C — reuse the dev container ffmpeg Zero extra build time The dev container is a 4GB+ developer workbench; pulling it at node-runtime time is impractical; the CUDA/oneAPI toolchains would inflate the production image by 2–3GB Not a production delivery artifact; wrong base image.
D — install distro ffmpeg via apt Zero build time Ubuntu's ffmpeg package cannot have the fork's patches applied; lags the upstream release significantly; codec matrix is frozen to whatever the distro ships The patches are load-bearing; distro ffmpeg cannot be used.

Consequences

Positive:

  • Every vmafx-node pod runs the exact same ffmpeg binary with all 15 fork patches.
  • The pkg/encoder package and cmd/vmafx-node/probe package are codec-inventory-aware at startup, enabling the controller to dispatch only to nodes that carry the requested codec.
  • The four Docker targets (cpu / cuda / rocm / sycl) share the same ffmpeg binary via the common ffmpeg-builder-cpu stage; the vendor variants add only their GPU runtime libs on top.
  • CI can validate the node image build with docker buildx build --target node-cpu.

Negative:

  • Every node image build must compile ffmpeg from source (~5–10 min on standard runners). This can be accelerated with --cache-from in CI.
  • When ffmpeg-patches/ are updated (e.g., after an FFmpeg n8.3 base bump), the FFMPEG_TAG build-arg in docker/Dockerfile.node must be updated in the same PR (CLAUDE.md §12 r14).

Neutral / follow-ups:

  • Phase 4b.5+ will add full gRPC service registration in cmd/vmafx-node/server/server.go once the controller proto is finalized.
  • NVENC / QSV / AMF hardware encoders require the host's GPU driver; the node container does not bundle drivers.
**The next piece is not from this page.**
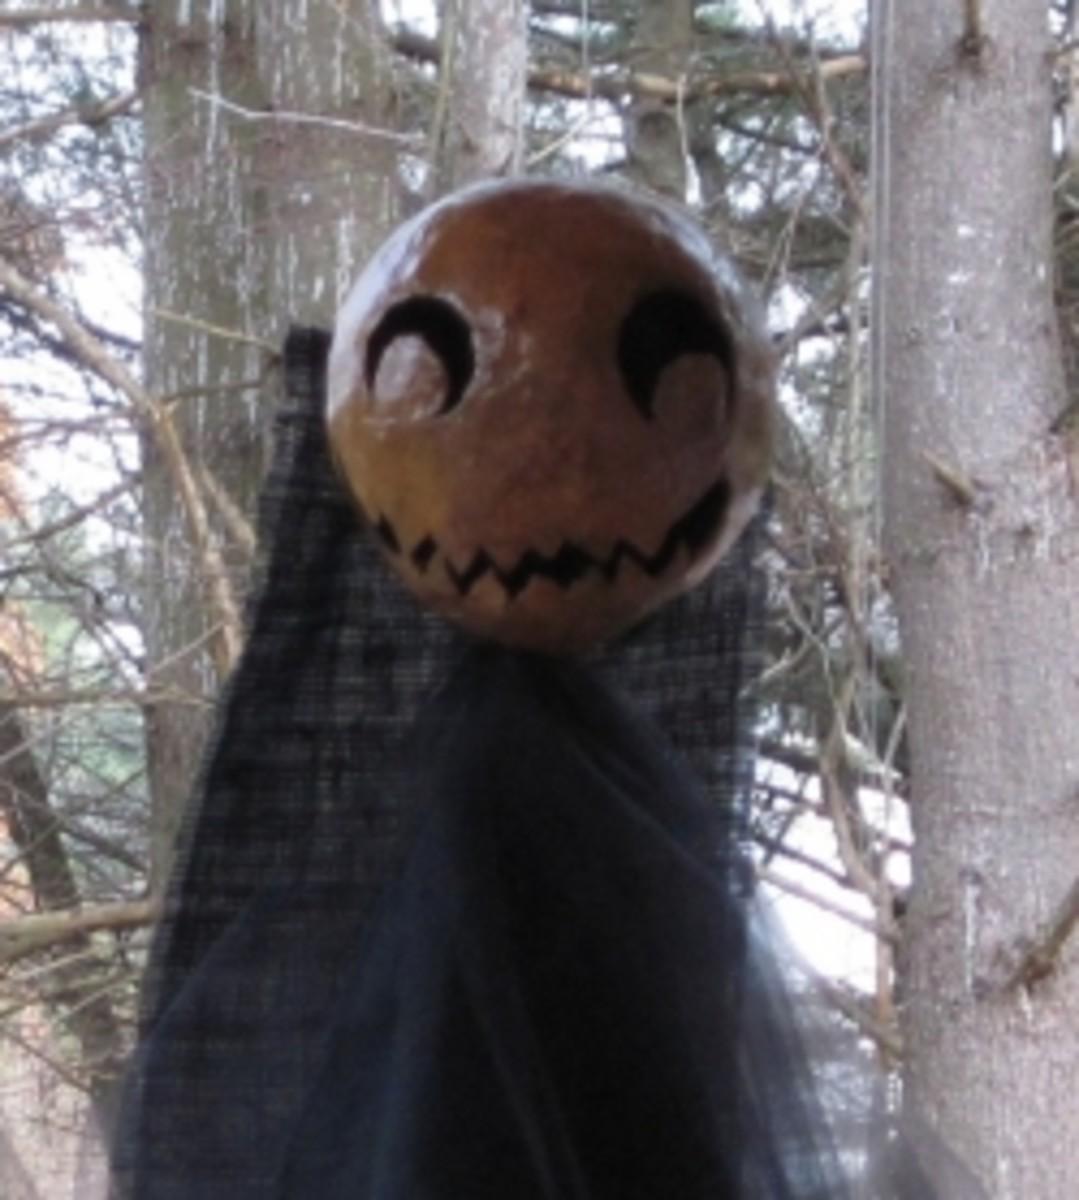 Paper mache spooky Halloween decoration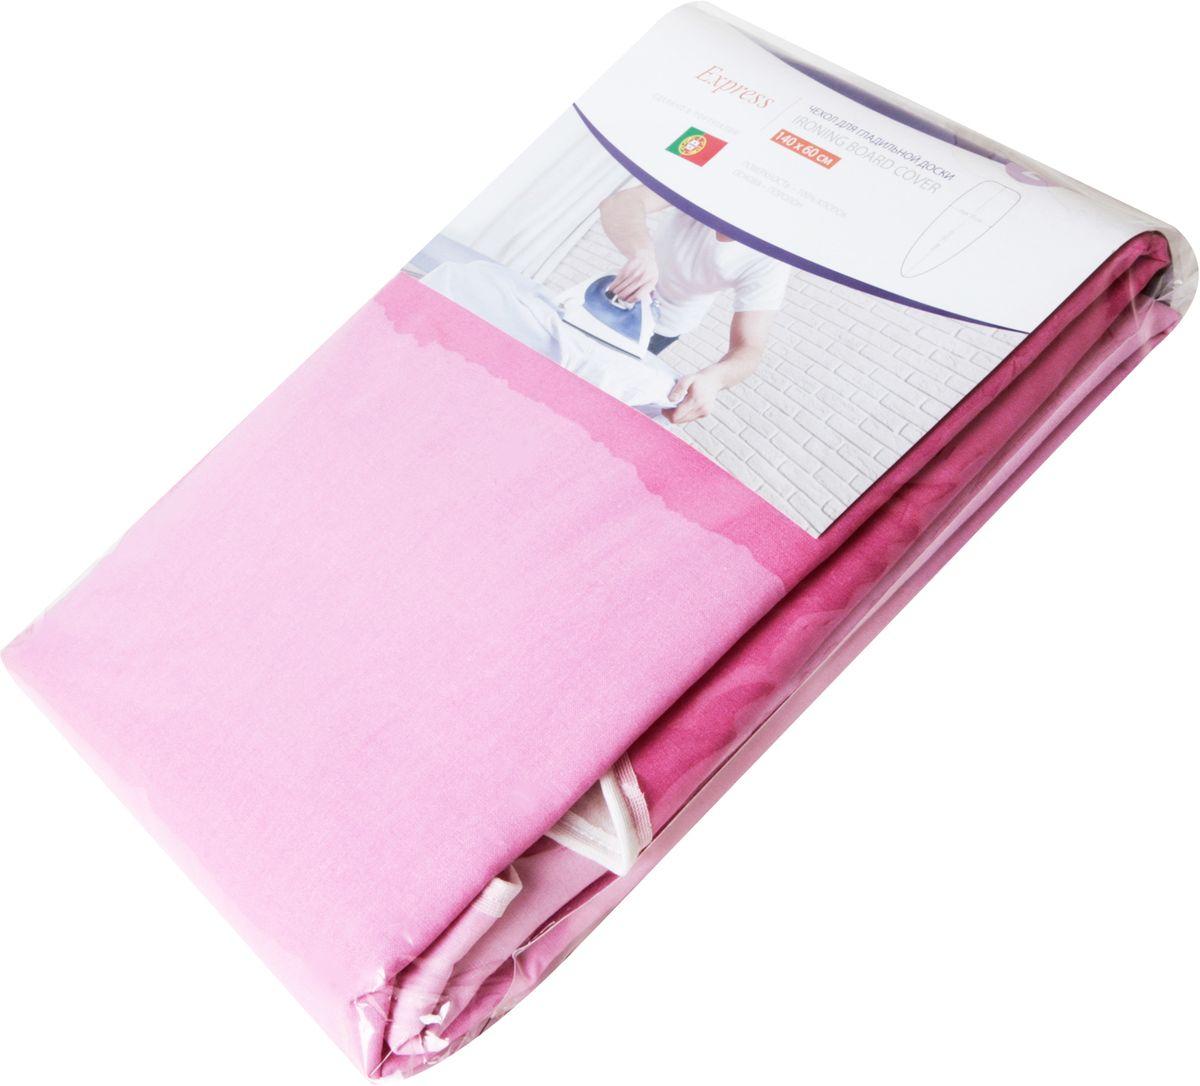 Чехол для гладильной доски Attribute Express, цвет: розовый, 140 х 60 смABE105

The startup probe logs WARN for absent hw-encoder codec names but does not block startup.
  • A CI job that validates the patches apply against both n8.1.1 (existing) and n8.2 (new node target) is tracked as a follow-up to this PR; the existing ffmpeg-patches/test/build-and-run.sh gate covers n8.1.1, and the Dockerfile itself serves as a build-time n8.2 validation.

References

  • ADR-0709 — Phase 4b umbrella (parent ADR); item 4b.4 is the direct parent scope.
  • ADR-0541 — dev-container codec matrix rationale (libaom exclusion, SVT-AV1 source build).
  • ffmpeg-patches/README.md — patch application invariants and verification gate.
  • req — "of course this has to be fully connected to a ffmpeg worker as well (latest of course)..." (architecture popup, 2026-05-28, captured verbatim in ADR-0709 §References).